The US economy continued along the path to recovery, as data showed a considerable pick up in durable goods orders for the final phase of 2012, elevating hopes that tomorrow’s GDP figures will be fairly benign. However, the recent resilience shown by the US economy has increased the probability of the Fed’s ending its monetary stimulus much earlier than anticipated.
Meanwhile, the UK continues to bear the brunt of the prevailing weakness in the economy, as a key official from Fitch indicated that Britain could lose its top credit rating. In contrast, the German recovery gathers momentum, as data showed a modest uptick in consumer morale for January.
Pound Sterling – UK Markets
The Pound is hovering close to yesterday’s lows against the greenback and the Euro amid prevailing concerns surrounding the UK economy. Britain’s top notch credit rating remains vulnerable to a downgrade, as a key member from Fitch highlighted that the UK economy faces a "significant" risk of losing its triple-A rating.
The UK Treasury Committee of the House of Commons has indicated that they would ask the incoming Governor of the BoE, Mark Carney, at a hearing next month whether the current policy framework needs to be altered and whether the central bank should take up a decision to drop its current practice of targeting inflation. However, few of the MPC members remain opposed to such an idea, with BoE policy maker David Miles stating that he would opt for a flexible inflation objective instead of having growth targets.
With another day of no major economic releases from the UK, cues from external markets will hold the key to determine the near term trend for Sterling. Additionally, mortgage approvals data due for release tomorrow would be closely watched for gauging the success of the lending scheme.
US Dollar – US Markets
The US Dollar is trading flat against the Euro today, as market participants stayed on the sidelines ahead of today’s FOMC meeting. Traders await for clues on the central bank’s stance on the current monetary stimulus. Moreover, Fitch indicated that the recent debt deal in the US has lowered chances of an immediate downgrade of the nation’s credit rating.
Meanwhile, the US economy appears to have ended the fourth quarter on a strong footing, as data indicated that durable goods orders in the US rebounded strongly in the final month of 2012. However, it remains to be seen whether the ISM manufacturing data due later in the week echoes similar results. The Dallas Fed manufacturing index declined marginally but stayed well above market estimates for this month, while pending home sales unexpectedly slipped for December.

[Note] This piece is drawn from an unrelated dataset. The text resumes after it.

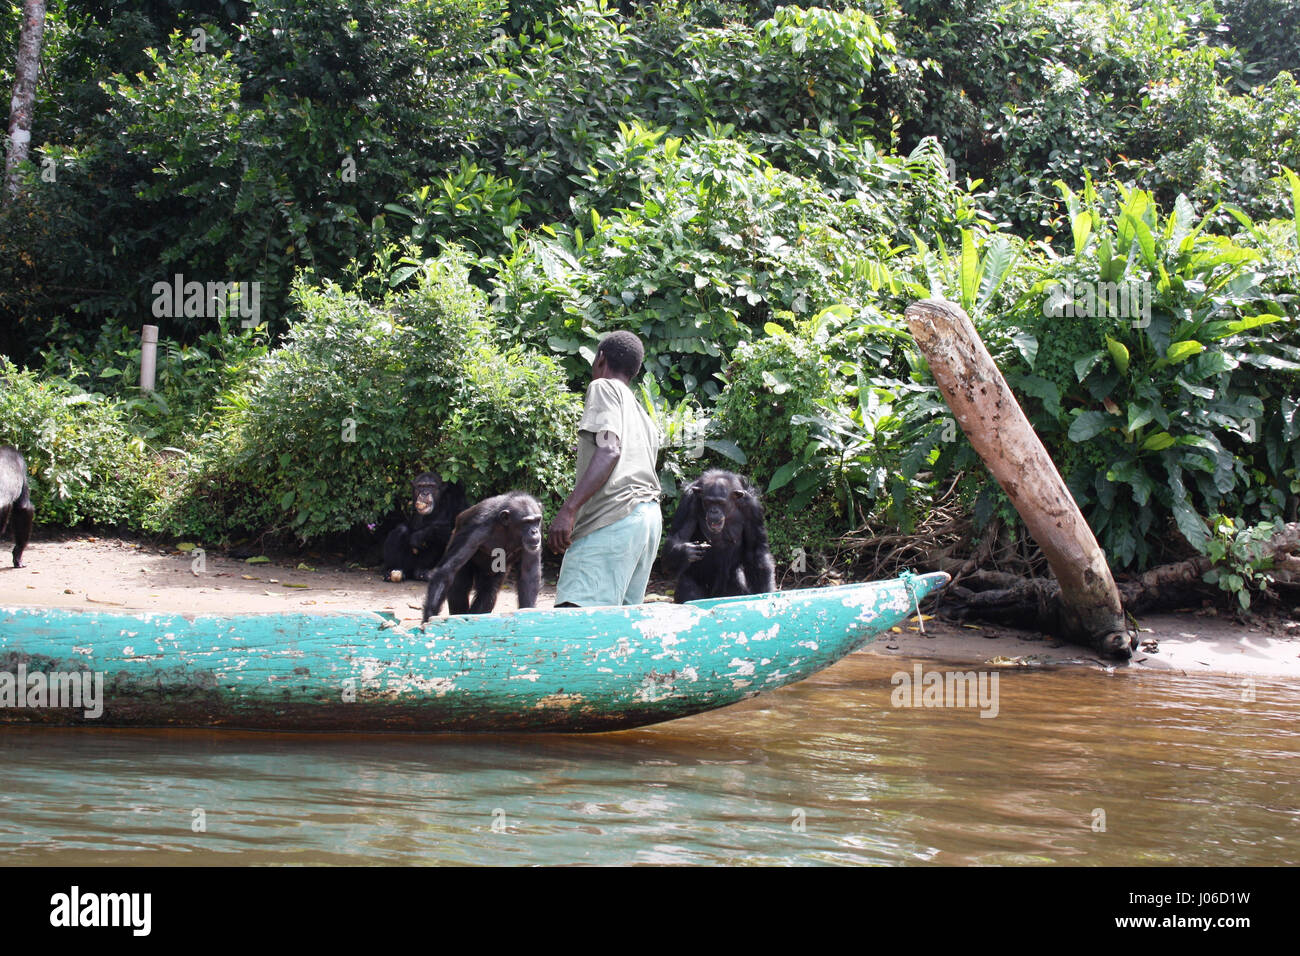 MONKEY ISLAND, LIBERIA: FEAST YOUR EYES on this paradise island where the only inhabitants are chimpanzees. Pictures show the charming chimps coming to greet their human friend as he brings them fresh food supplies from his canoe.  Other snaps show the great apes dipping their toes in the water, huddling around to catch up on the day’s events, while one solitary figure can be seen taking in a tree top view of the ocean while he finishes his lunch. Irish Youth worker Marie Power (27) was one of four lucky tourists on the hollowed out wooden canoe and was able to snap these incredible scenes of  Stock Photo

The US consumer confidence data is likely to be a key trend setter for today’s session, while the build up to Fed’s monetary policy decision and fourth quarter GDP figures scheduled for release tomorrow will remain the key factors determining the near term trend for the greenback.
Euro – European Markets
The Euro has remained range bound against the US Dollar and the Pound in today’s trading session, as traders await cues from the other side of the Atlantic.
In the midst of a prolonged recession in Spain and with the nation’s labour market consistently reeling under pressure, the EU budget enforcer, Olli Rehn, has signalled that Spain’s budget targets could be relaxed. The ECB President, Mario Draghi, has warned that failure to finalise an aid package for Cyprus could be detrimental for the Euro zone economy and could hurt the growing confidence over the region’s economy following the unveiling of the OMT plan. Despite the positive response to Ireland’s recent bond auction, the nation still appears to be reeling under the recent debt crisis, as Moody’s reiterated its ‘Negative’ outlook on the Irish banking system.
However, GfK consumer confidence figures came as a breather as consumer sentiment in Germany climbed for February, reflecting the strength in the nation’s labour market. Meanwhile, external cues would be closely watched for further direction.
Other Currencies – Highlights
The New Zealand Dollar recovered sharply from yesterday’s lows, as upbeat trade balance data from the island nation boosted demand of the Kiwi Dollar. Data showed that New Zealand unexpectedly posted a merchandise trade surplus of NZ$486 million in December, largely supported by a stronger export figure.
Meanwhile, the key highlight for the weekly session remains the Reserve Bank of New Zealand’s monetary policy decision slated later this week, wherein the central bank is expected to leave its benchmark interest rate untouched. Meanwhile, building permits data scheduled for release later today could have a bearing on the currency markets.
Apart from domestic cues, the Kiwi Dollar is also expected to track developments from the US during the course of the week in order to gauge the risk appetite among market participants.